APIs are executed from left to right (or top to bottom when newlines are added) and are designed to be composed for human readability. For example, in the following case, data would be read from Kafka, transformed through a JSON decoder, windowed and written to an Insights stream.

.qsp.run
    .qsp.read.fromKafka[`trades]
    .qsp.decode.json[]
    .qsp.window.tumbling[00:00:05; `time]
    .qsp.write.toStream[]

Implicit last argument

Each .qsp operator returns an object representing a ‘node’ configuration; and takes a node configuration as its last argument. That last argument is left implicit in the API documentation: each operator therefore has a rank higher than documented.

Pipeline API operators are invoked as projections on their implicit last arguments and therefore must be applied using bracket notation only, never prefix.

Implicit penultimate argument

Many Pipeline API operators are variadic; most take a penultimate argument of custom configuration options.

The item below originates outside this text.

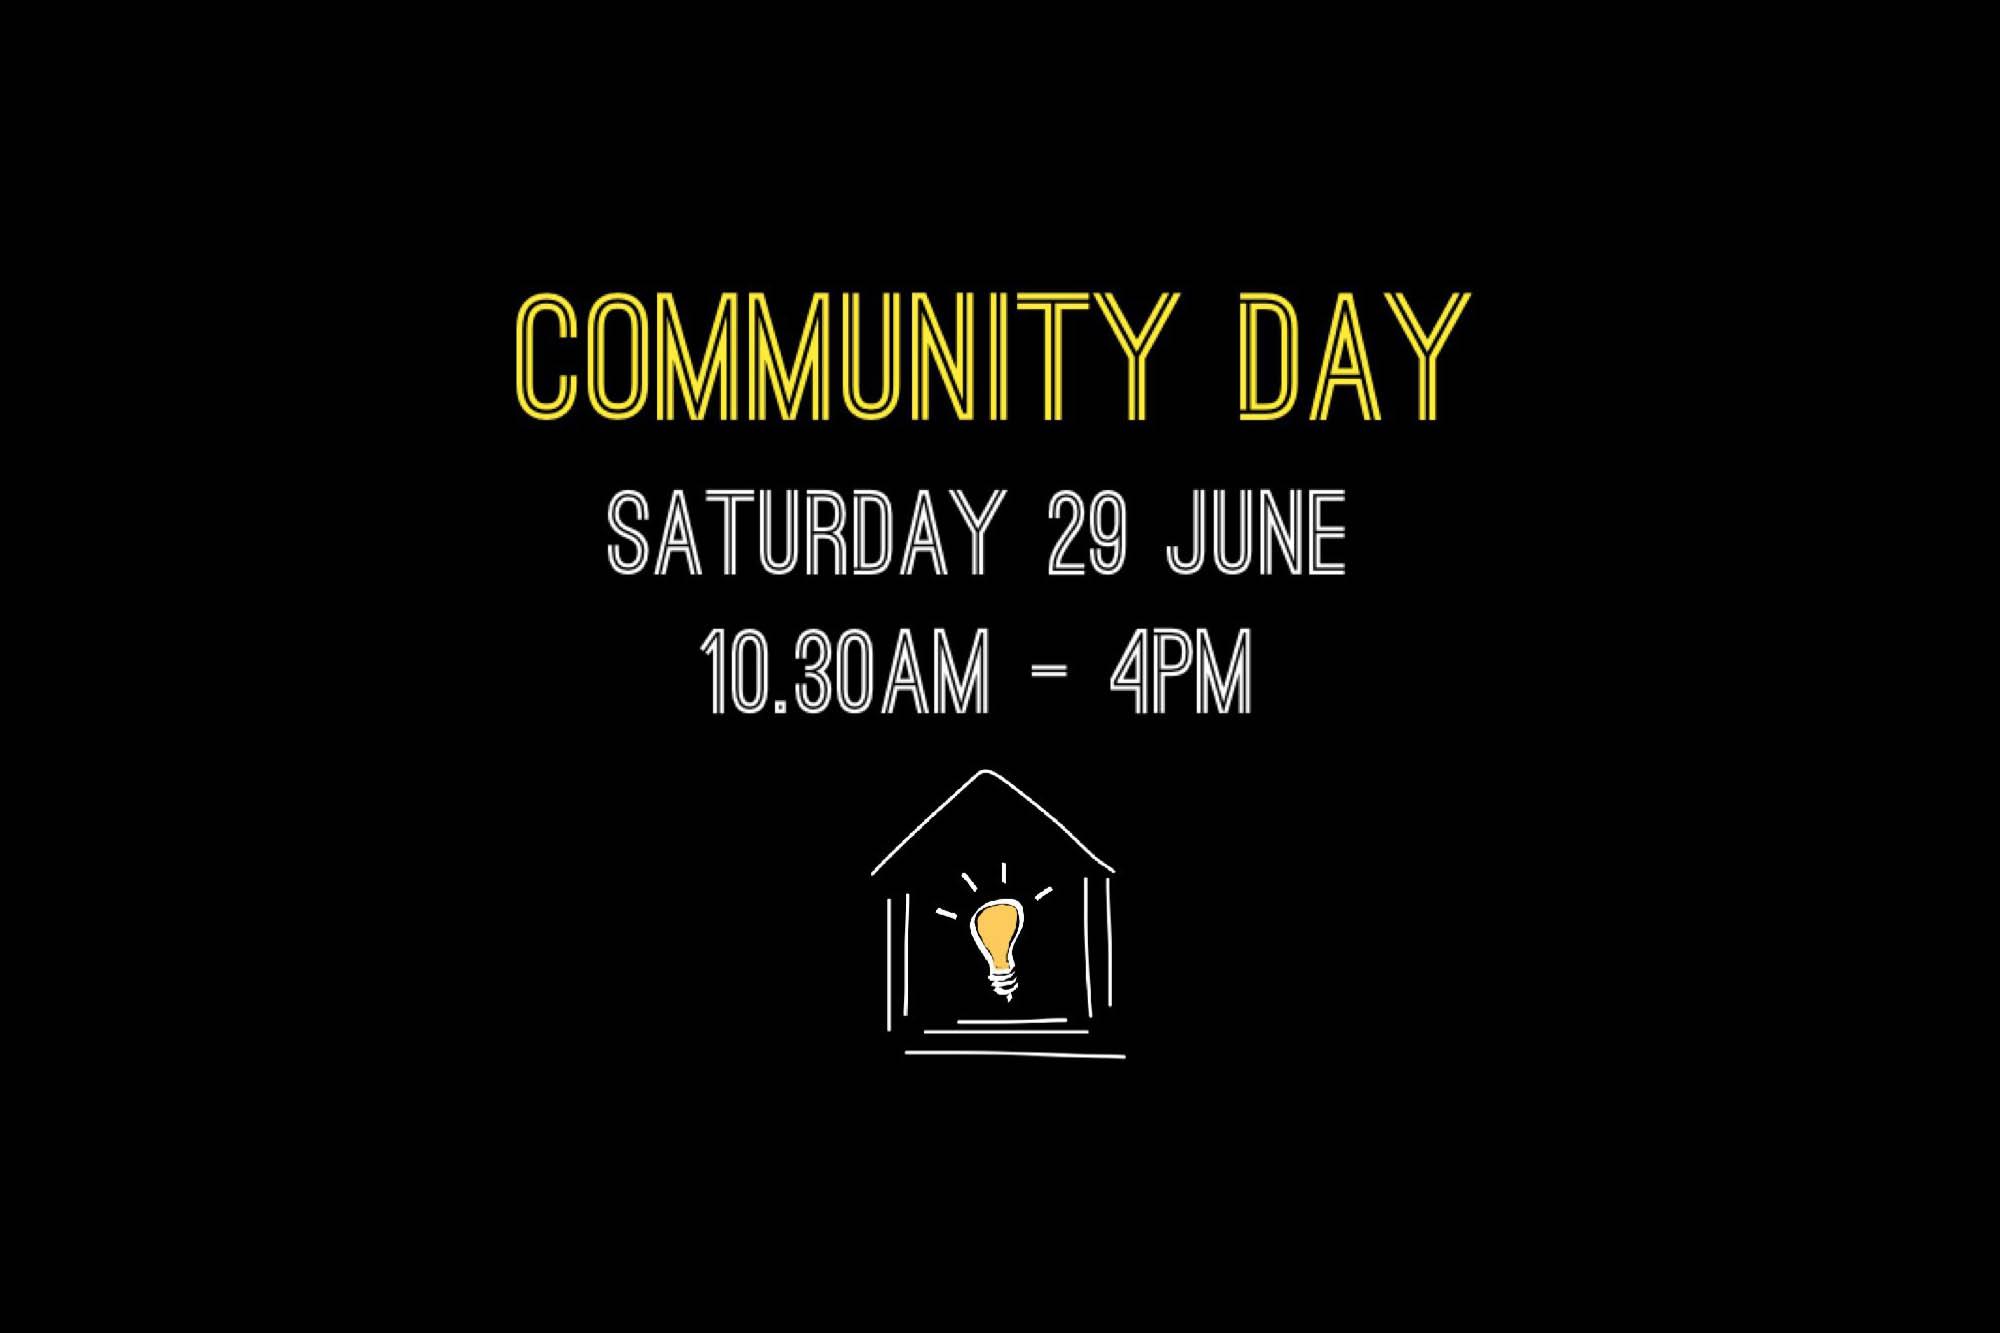 communityday1.jpg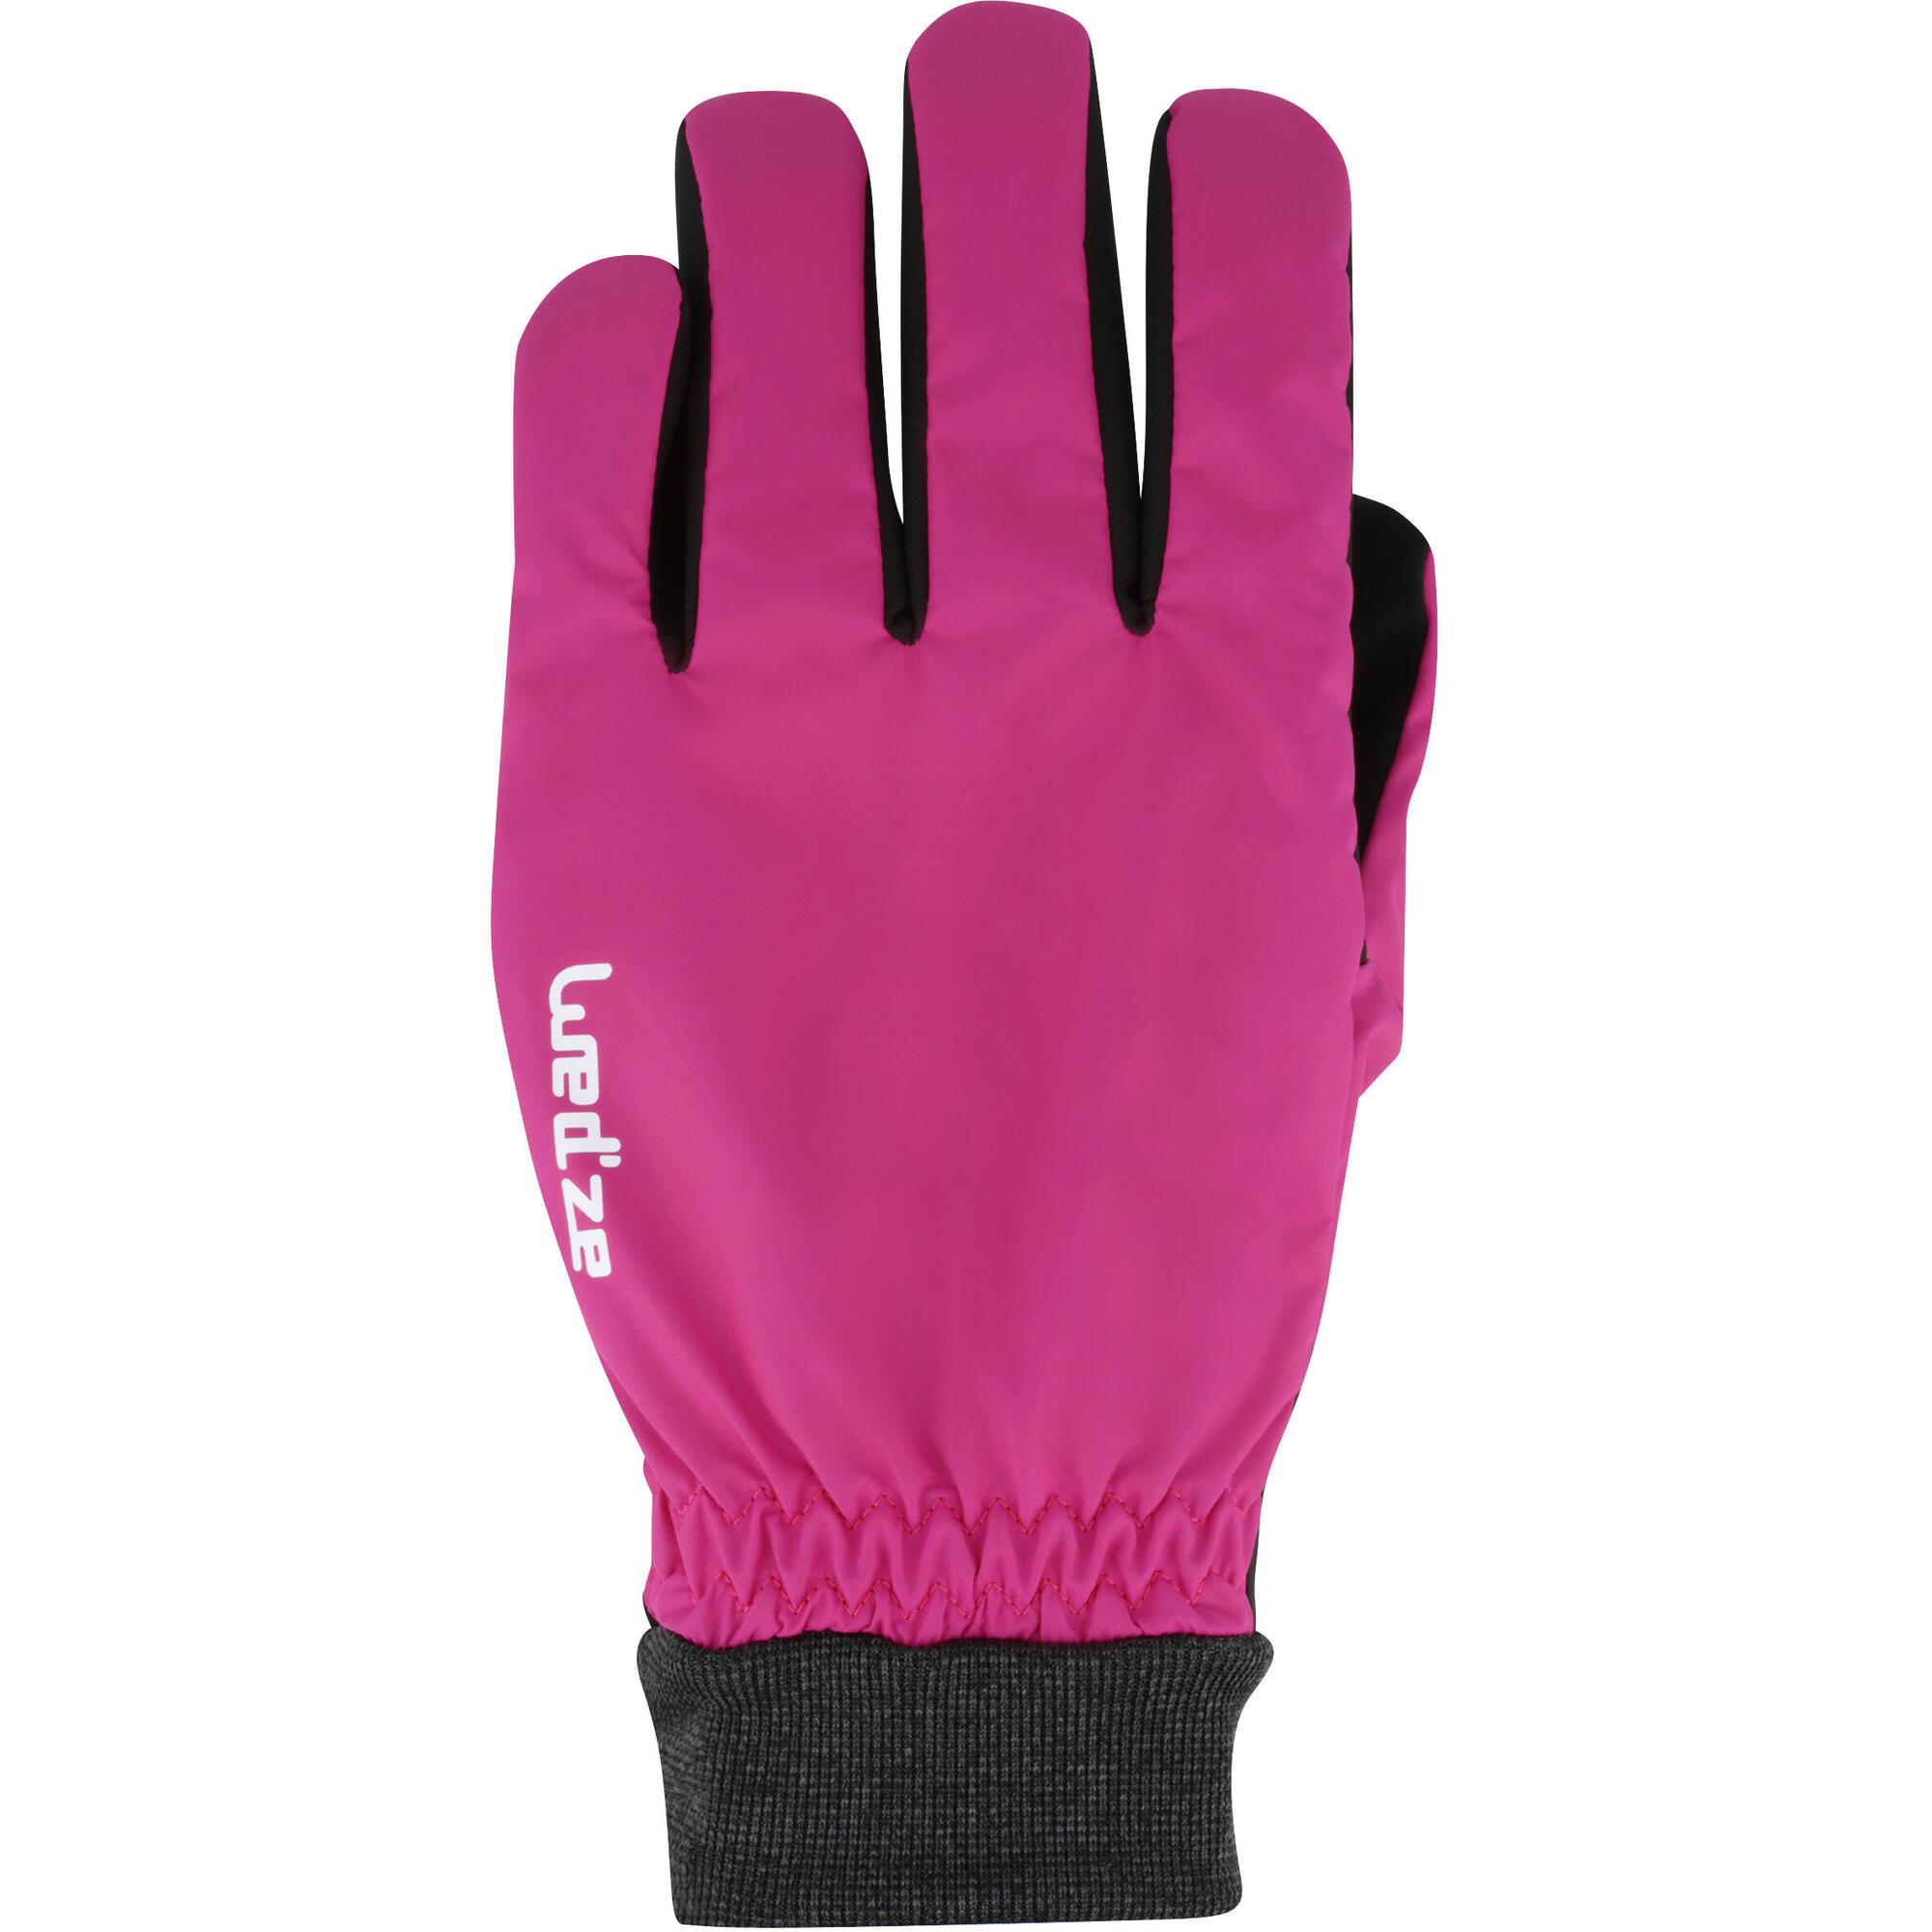 gants de ski de piste adulte warm fit roses wedze. Black Bedroom Furniture Sets. Home Design Ideas

If .qsp.foo is a Pipeline API operator that takes arguments x and y and optionally cco a dictionary of custom configuration options, its true signatures are

.qsp.foo[x;y;node]
.qsp.foo[x;y;cco;node]

To limit duplication in the documentation, neither the cco nor the node arguments are documented. The signature would be documented as

.qsp.foo[x;y]

An important consequence is that

.qsp.foo[x;y]
.qsp.foo[x;y;cco]

are both unary projections.

Order of evaluation

Successive Pipeline API operators modify the node configuration and pass it along the chain for eventual evaluation, reversing the apparent evaluation order.

In

prd
  {x where x>5}
  til 8

q evaluates first til 8, then the lambda, then prd, but in

.qsp.run
  .qsp.read.fromExpr["refData"]
  .qsp.write.toConsole[]

because actual evaluation is handled by .qsp.run, the table refData is read before its contents are written to the console.